# Watch Out Poljot!



## Chascomm (Sep 9, 2005)

Until recently, if you saw a new international/ebay-brand watch with a mechanical alarm movement, you could safely presume that it was Poljot-powered. (After all, those snobby brands that build new watches with reconditioned vintage A.Schild movements tend to trumpet the fact as if it was something to be proud of)

But that's all changed this year. Not content to just to skeletonize their popular column-wheel chronograph and flying-tourbillon movements, the guys at Tianjin have introduced their own mechanical alarm movement!

Introducing the Sea-Gull ST28, now available in Sorna and Trias brands from Germany.

















As you can see, it is the classic Schild layout as per Poljot 2612.1 and Citizen 4H, but it has been reworked somewhat. Hard to be sure from the photo, but the modifications seem to be aimed at reducing the thickness of the movement, so perhaps an auto version will follow.

Meanwhile, back in Russia, Poljot sold the tools for the calibre 2612.1 to Vostok back in October 2004. Vostok immediately ran out a small test batch (see picture below), but since then, they've done nothing with it. Too much work to do for their main client Vostok-Europe, I guess. Volmax have apparently been assembling all their Aviator/Buran/Shturmanskie alarm watches using surplus parts stock. What happens after that runs out is anybody's guess.
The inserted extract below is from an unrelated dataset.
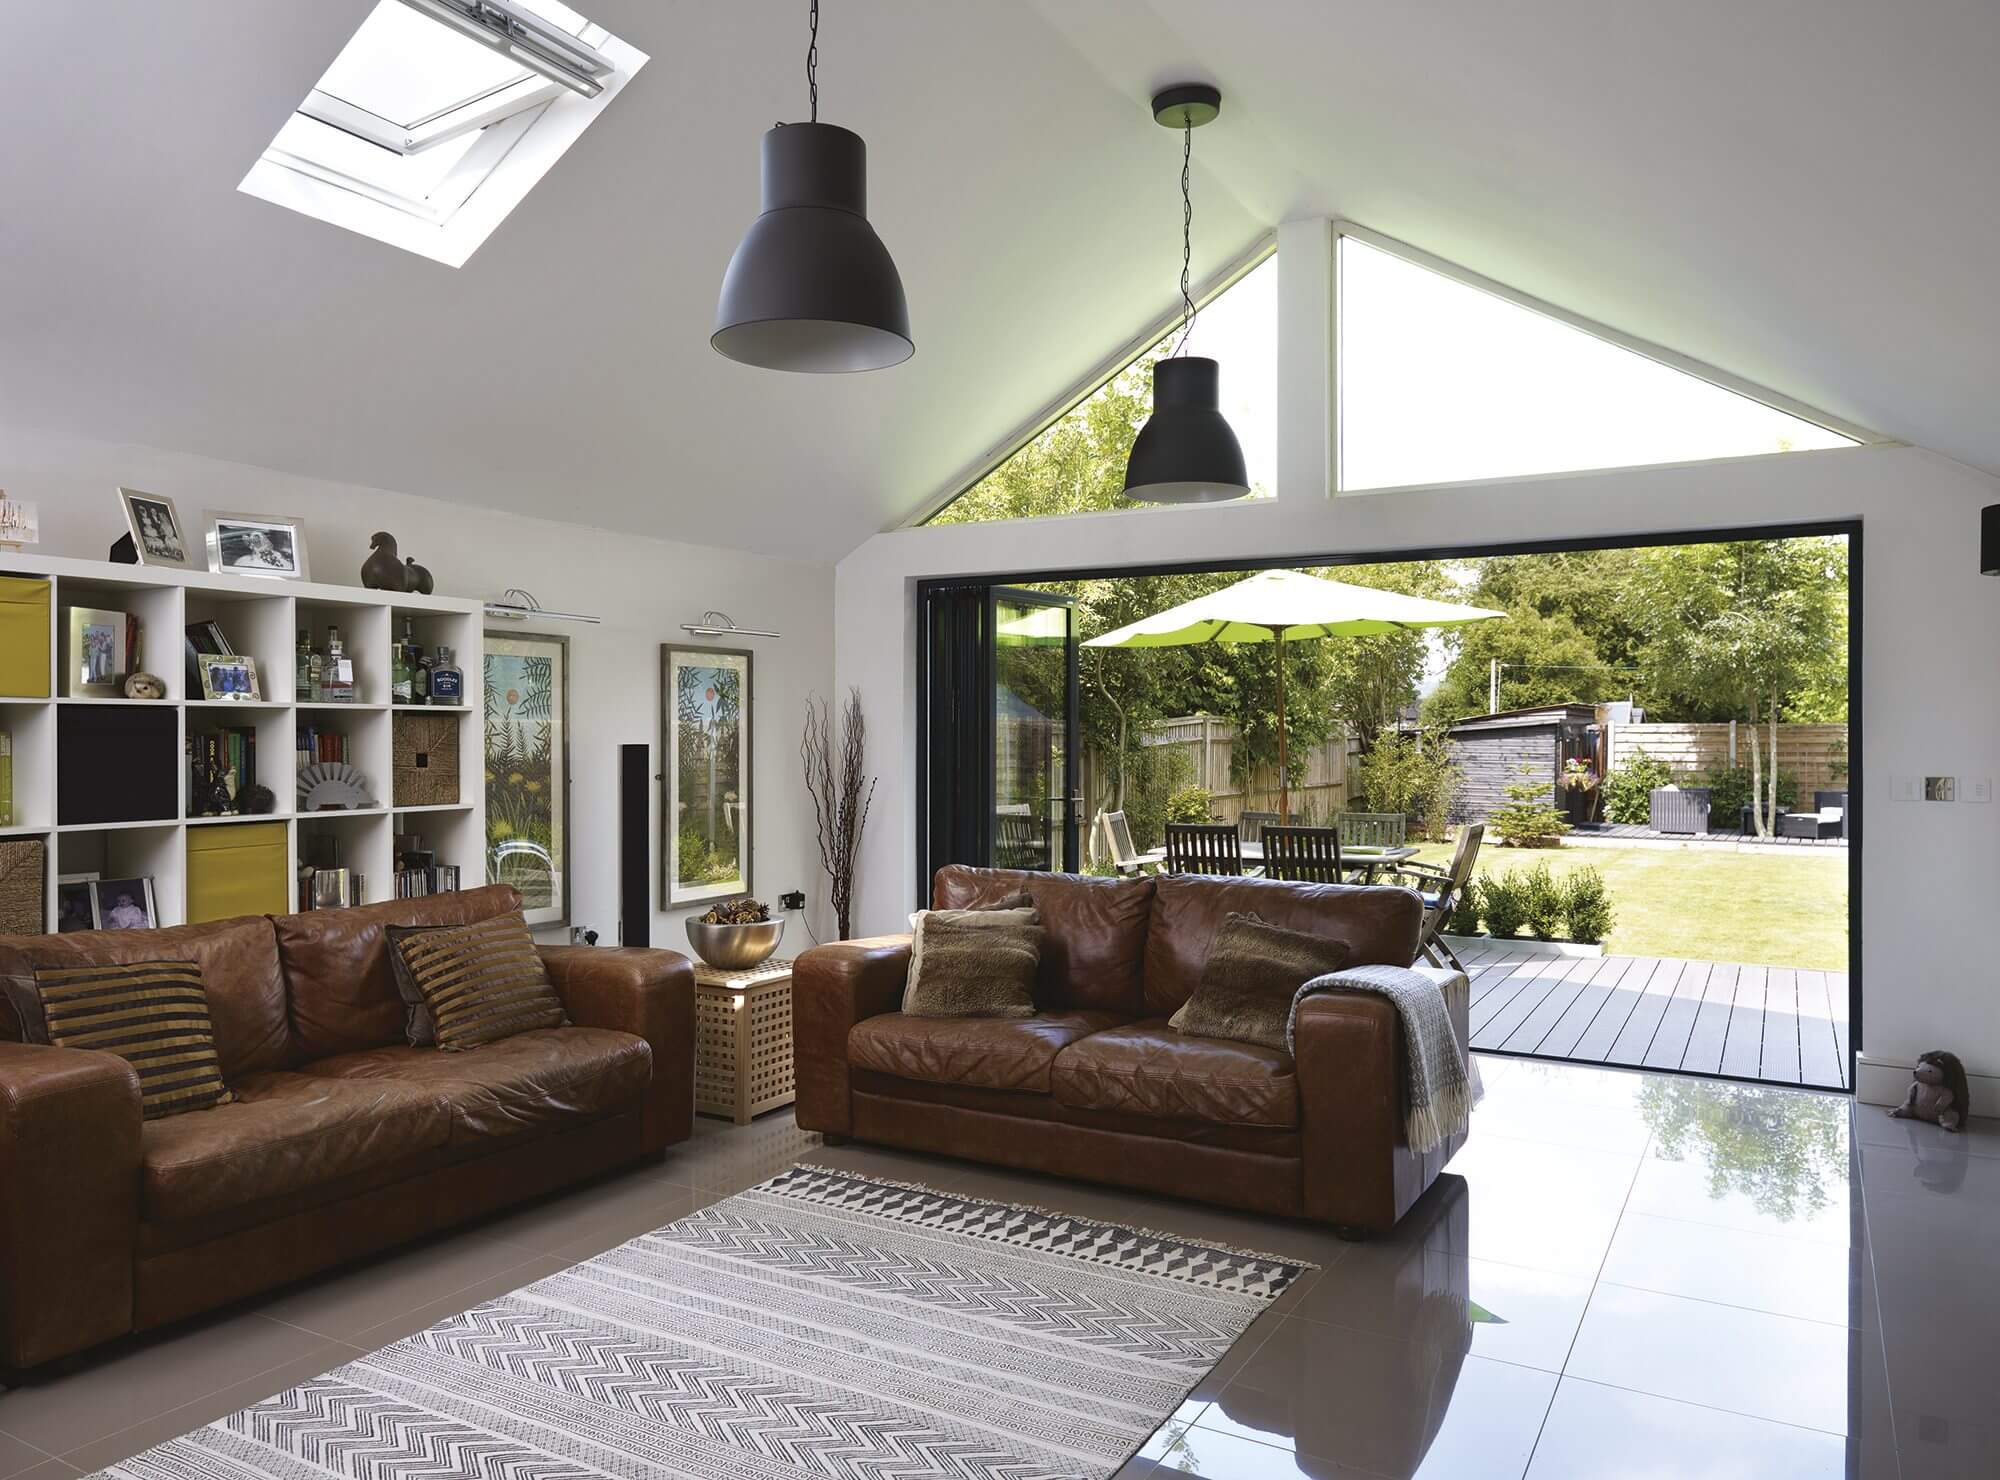 bifold doors and glazed gable in living room

The word from within Vostok is that they have no plans to restart production of the 2612.1. Given this latest development from China, it's possible that Vostok may have missed their chance to keep this Russian classic in production.









*'test sample' Vostok case style 90* no prizes for style










The strange thing about this watch is that the only examples that I've seen on ebay have all been fitted with old Soviet-era Poljot movements


----------



## raketakat (Sep 24, 2003)

An informative post as usual  .

Poljot seem to be still selling their cheap alarm watch range. Are they NOS watches or movements







?

I share in your confusion because Vostok seem to be using the movements found in the old "Signal" range.

Ancient bloody things they are














.

I don't think Vostok are going to sell many alarm watches with two of their delightful screw-down crowns to negotiate







.

Definately an enthusiasts' watch







.


----------



## blackandgolduk (Apr 25, 2005)

The first 'proper' watch I bought was a Sekonda alarm watch from Argos when I was about 13 or 14 - cracking little thing, only cost about 14 quid but I don't know where that one went. I recently replaced it with an identical model kindly supplied by another forum member. It's still one of my favourite watches and the movements are bombproof. It would be a shame to see it go out of production


----------